缝合式C/SiC复合材料非线性本构关系及断裂行为研究

C/SiC composites have a series of advantages such as high specific strength, high specific modulus, excellent thermal stability, etc, being widely used in the aerospace field. Brittle fracture caused by crack propagation is one of its main failure forms. Therefore, the fracture performance analysis of the material has important guiding significance for the structural design and application of the material. Simple mechanical experiments and fracture experiments of stitched C/SiC composites are carried out, the mechanical response and fracture characteristics of the materials under different loads being studied in the paper.
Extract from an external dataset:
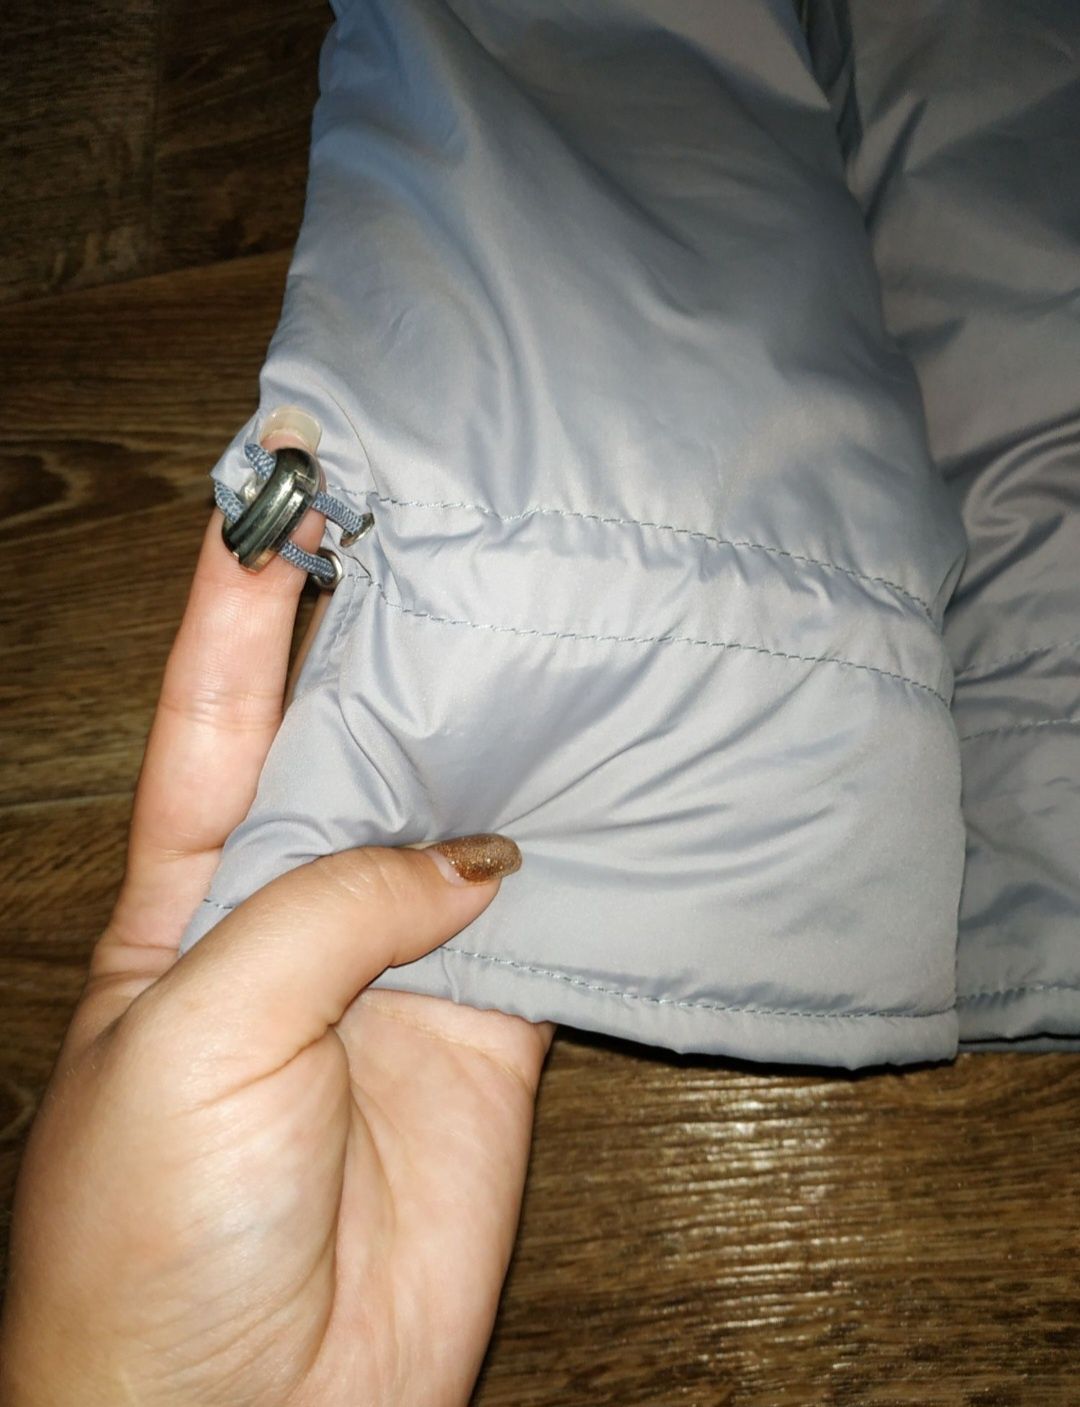 Зимовий комбінезон напівкомбінезон куртка курточка у розмірі 98 см

Based on simple mechanical experiments of stitched C/SiC composites, the macroscopic nonlinear damage constitutive equation is established, and the fracture behavior of stitched C/SiC composites with unilateral notched beam and double cantilever beam are simulated. The constitutive equation uses simple equations to describe the nonlinear stress-strain curve of the material under complex stress conditions, and considers the crack closure on the reverse loading process. Based on the commercial finite element software ABAQUS, the non-linear damage constitutive equations are realized by writing a UMAT subroutine. The validity of the established constitutive equation is verified by a single element. On this basis, the linear elastic damage constitutive model and the nonlinear damage constitutive model are used to simulate the fracture behavior of the stitched C/SiC composites with a single-side notched beam and a double cantilever beam, respectively. The force-displacement curves simulated by the nonlinear damage constitutive equation are more consistent with the test results, and the failure load predicted by the nonlinear damage constitutive are closer to the test failure load, which verifies the accuracy of the nonlinear damage constitutive equation established in this paper. The paper provides a reference for the study of the fracture behavior of C/SiC composites and provides a theoretical basis for the design and application of stitched C/SiC composites structures.